# EXERCISE DATA
○ ○ ○ ○ ○ ○ ○

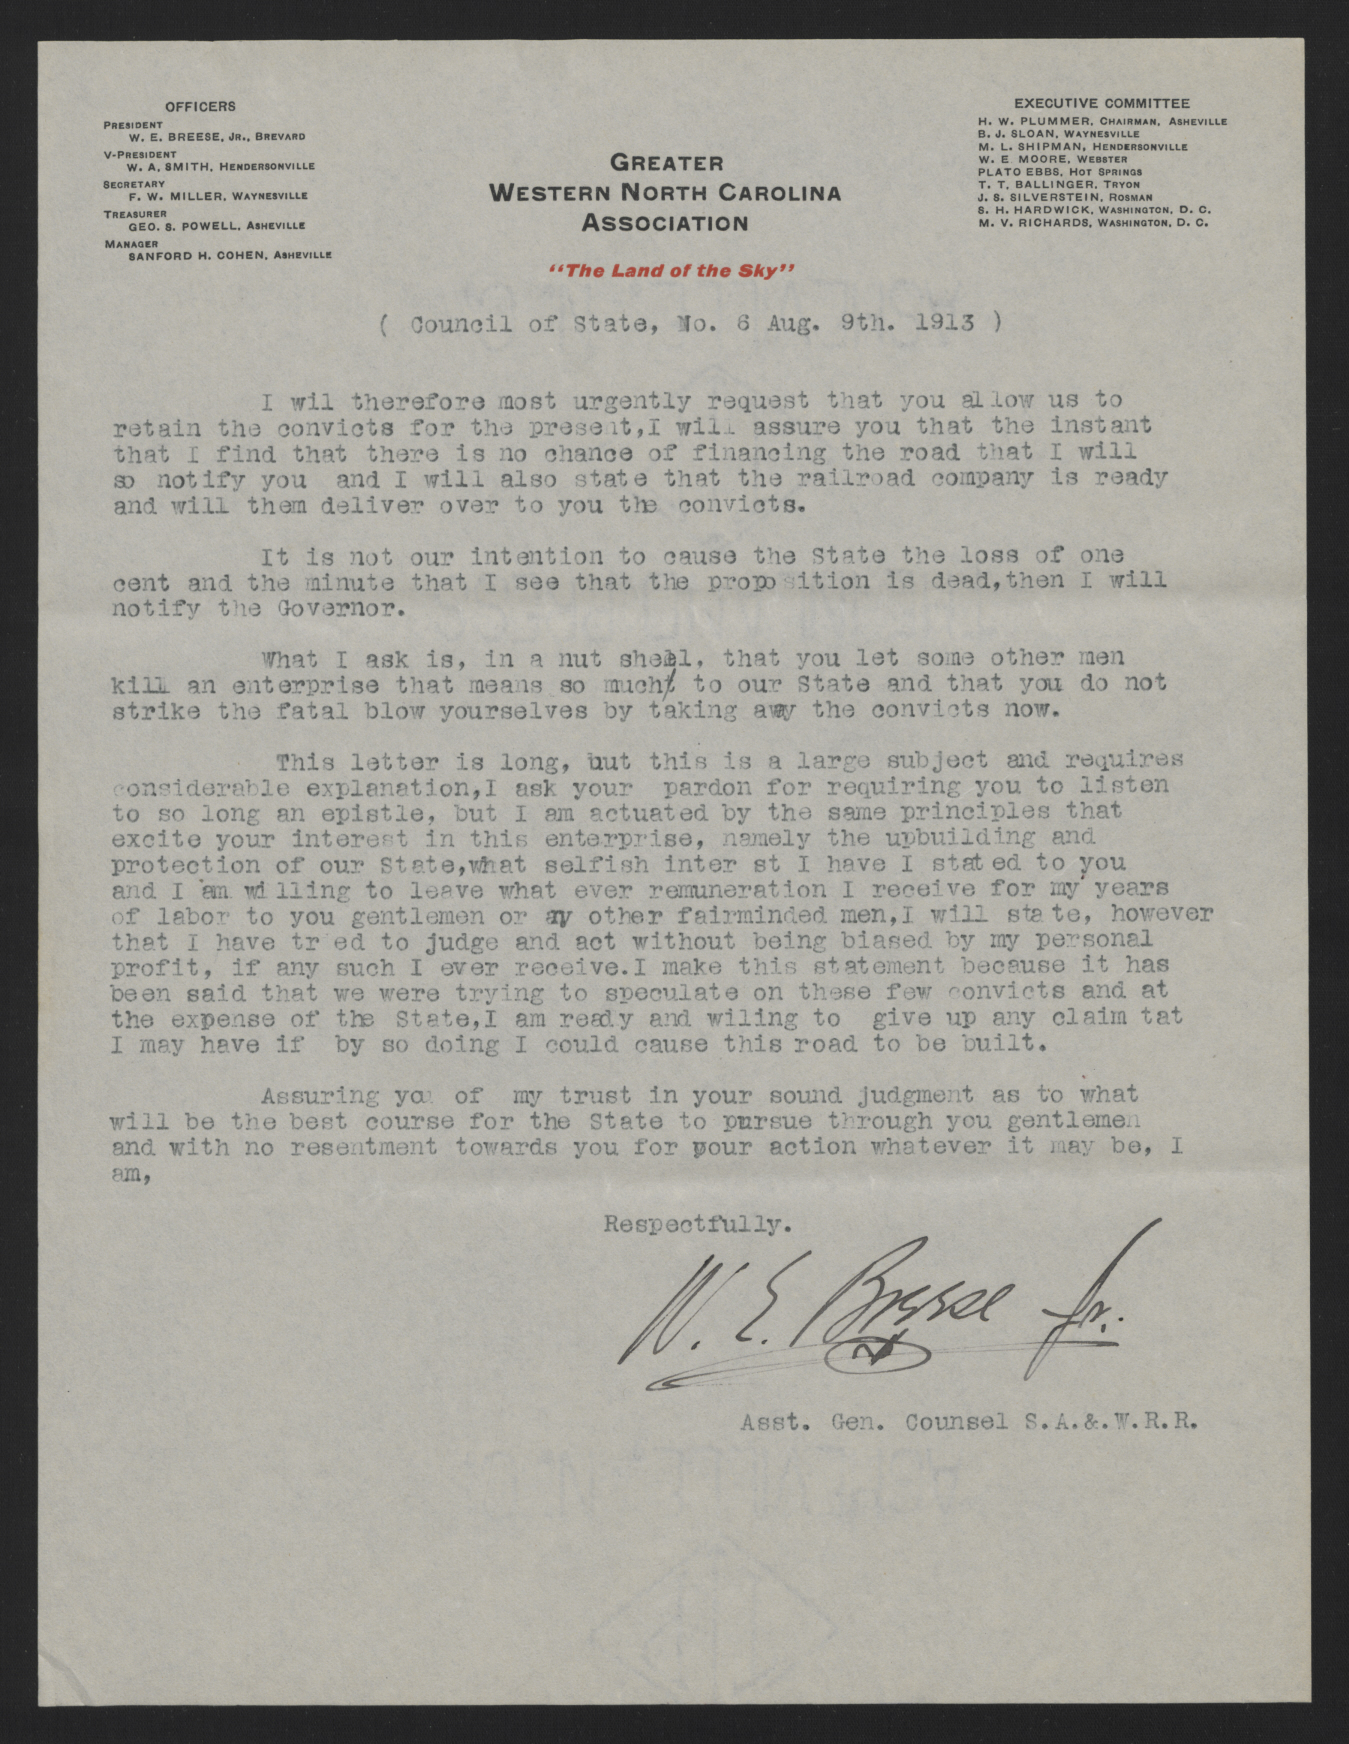 Letter from Breese to the Council of State, August 9, 1913, page 6
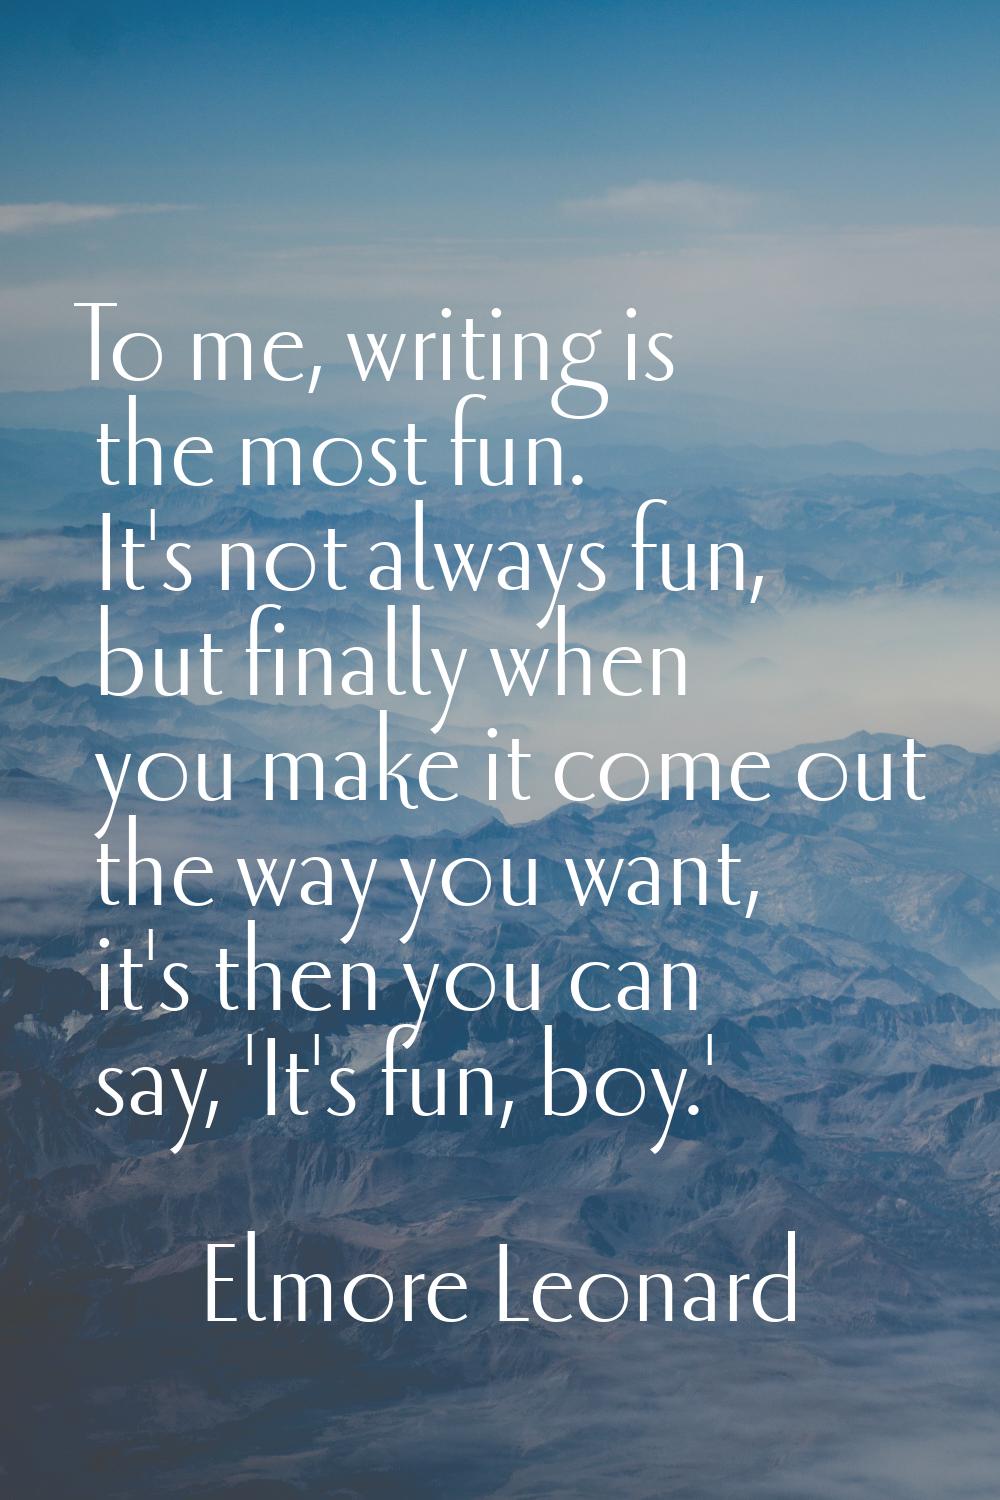 To me, writing is the most fun. It's not always fun, but finally when you make it come out the way 
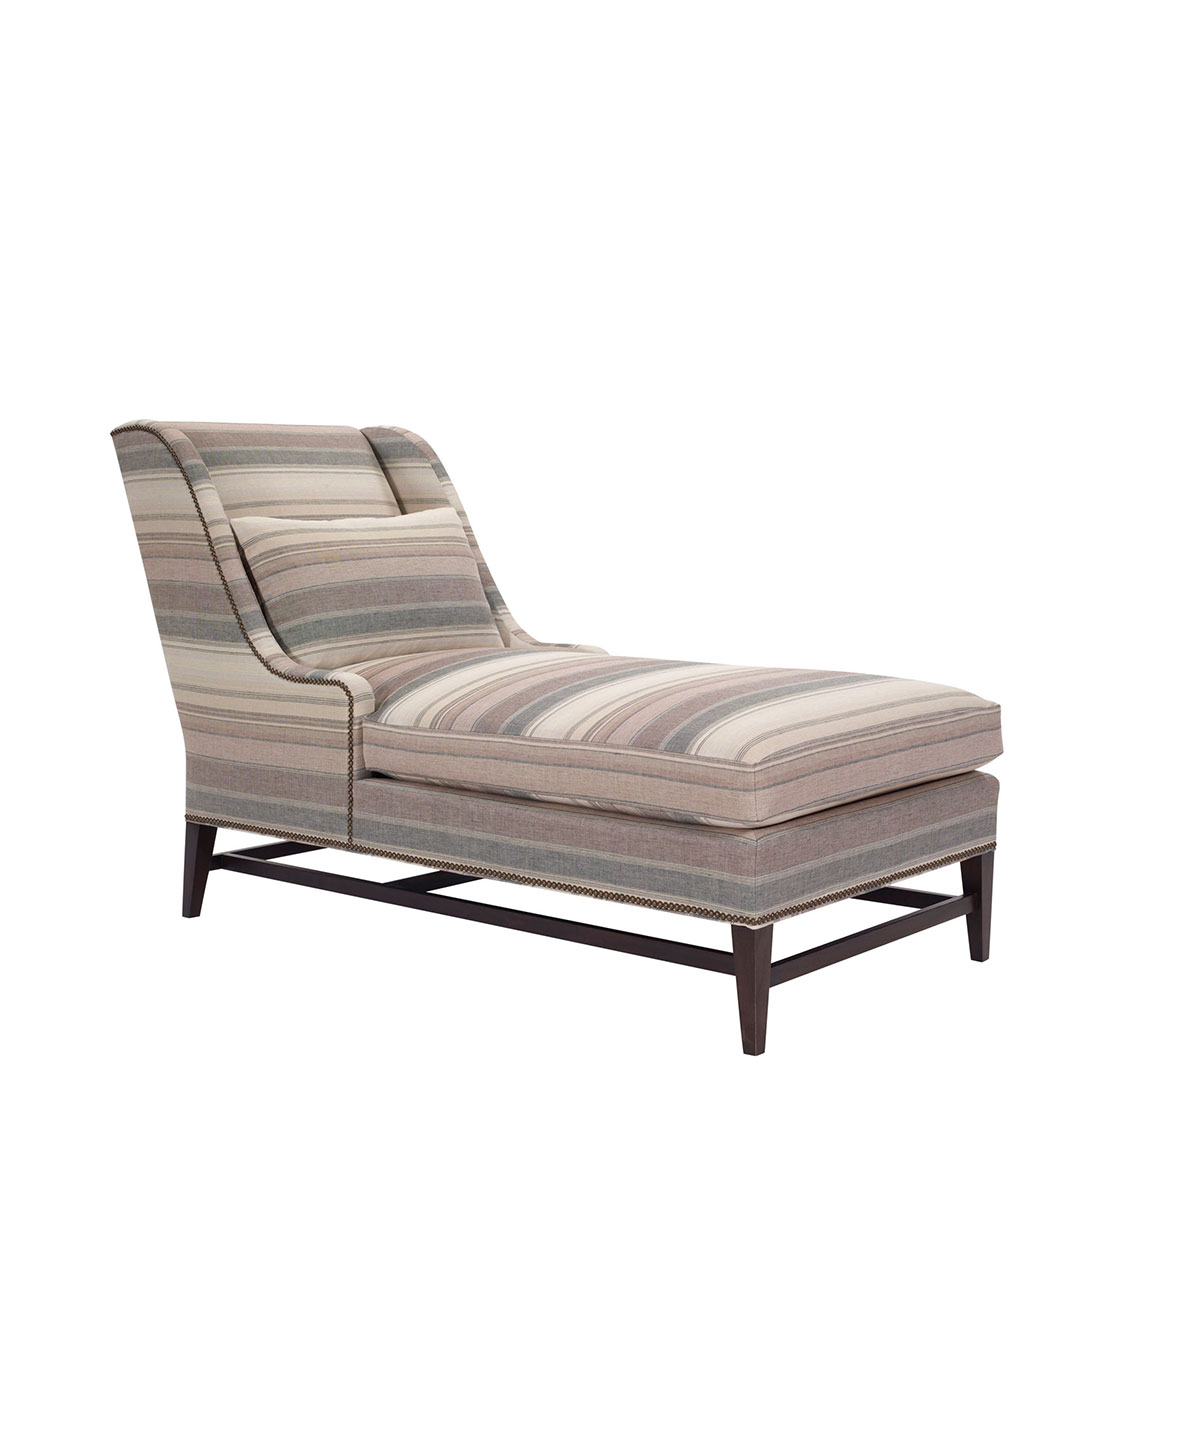 Solenne Chaise

○ ○ ○ ○ ○ ○ ○

# EXERCISE
The material above must be set down word for word, with no picture carried over.

# EXERCISE RESPONSE
 Letter from Breese to the Council of State, August 9, 1913, page 6
 To me, writing is the most fun. It's not always fun, but finally when you make it come out the way 
 Solenne Chaise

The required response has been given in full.